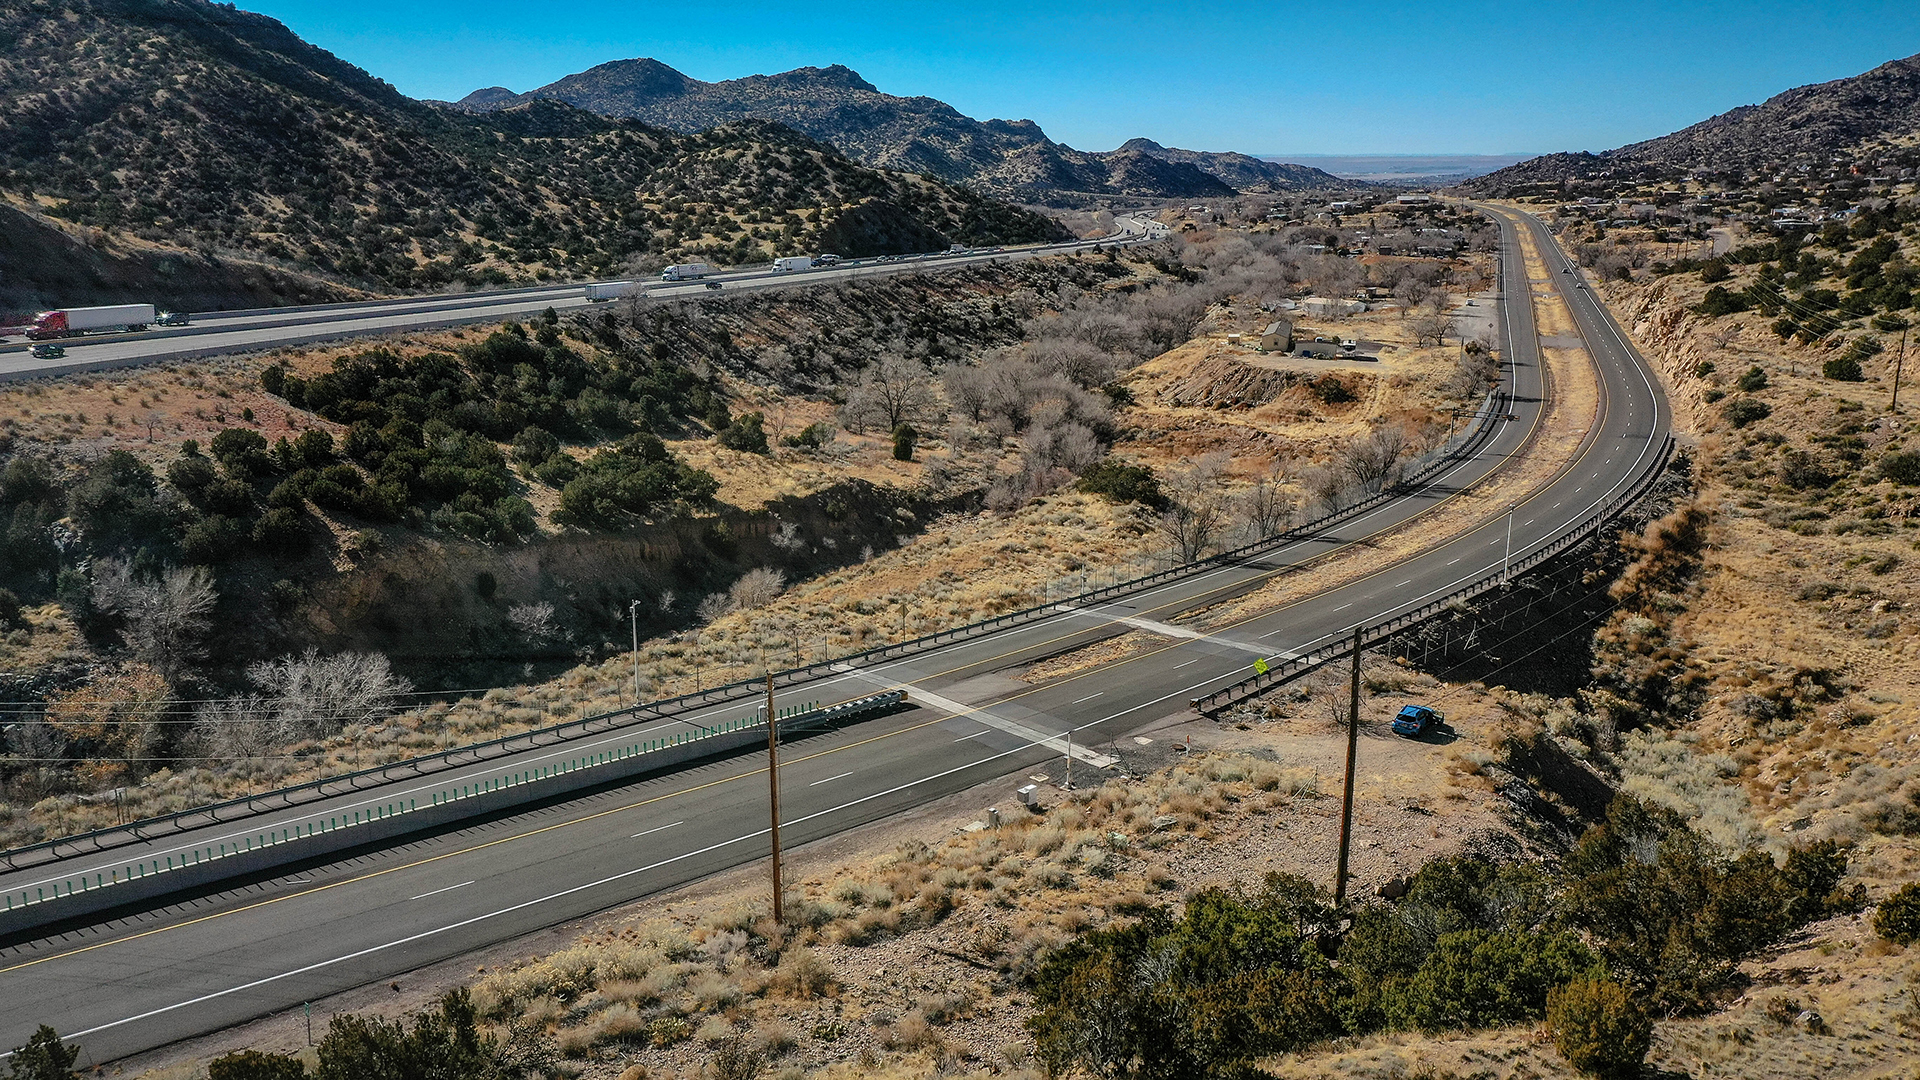 Highway in Carnuel in der Nähe von Albuquerque | picture alliance / ZUMAPRESS.com
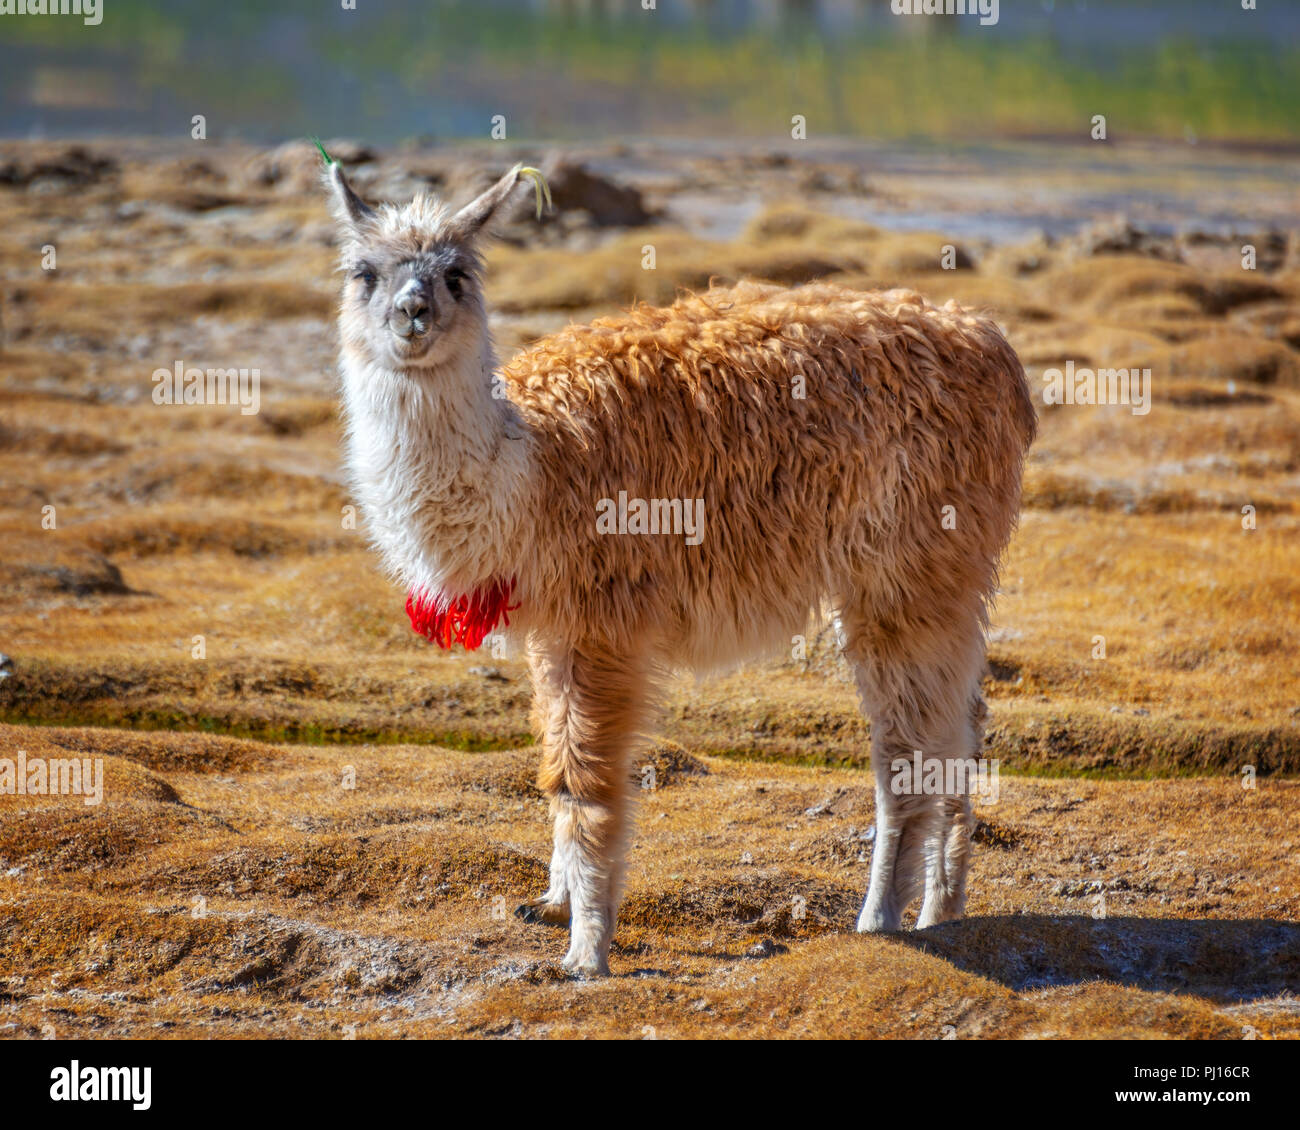 Portrait d'un lama regardant la caméra en Bolivie, Amérique du Sud Banque D'Images
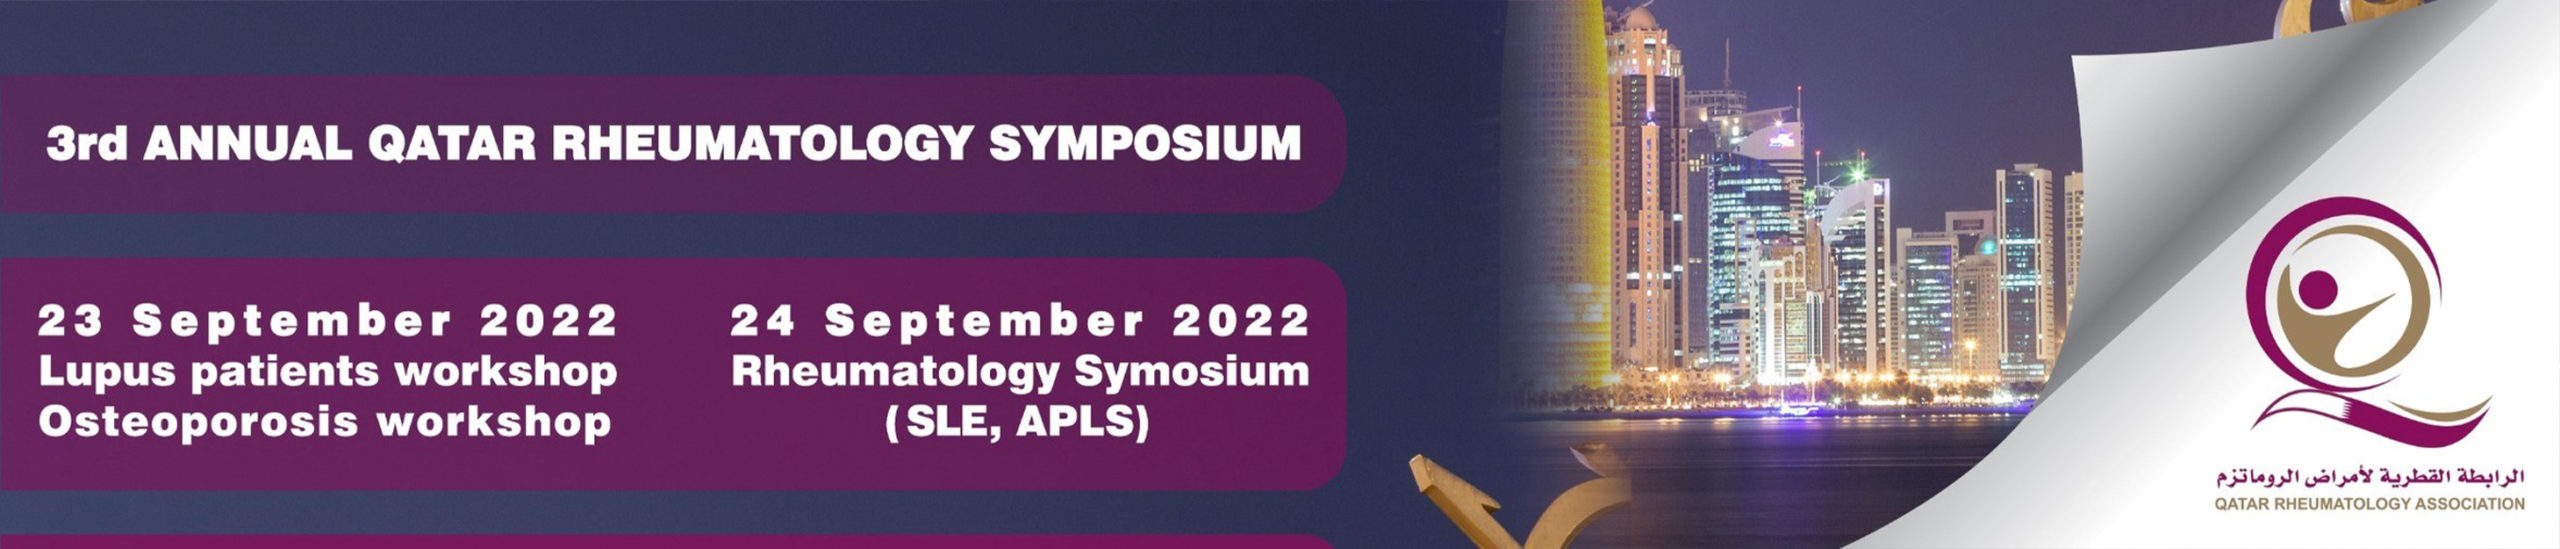 3rd Annual Qatar Rheumatology Symposium

# ACTIVITY
From the first line to the last, set down the data exactly, without the pictures.

# SOLUTION TO THIS PROBLEM
 Highway in Carnuel in der Nähe von Albuquerque | picture alliance / ZUMAPRESS.com
 Portrait d'un lama regardant la caméra en Bolivie, Amérique du Sud Banque D'Images
 3rd Annual Qatar Rheumatology Symposium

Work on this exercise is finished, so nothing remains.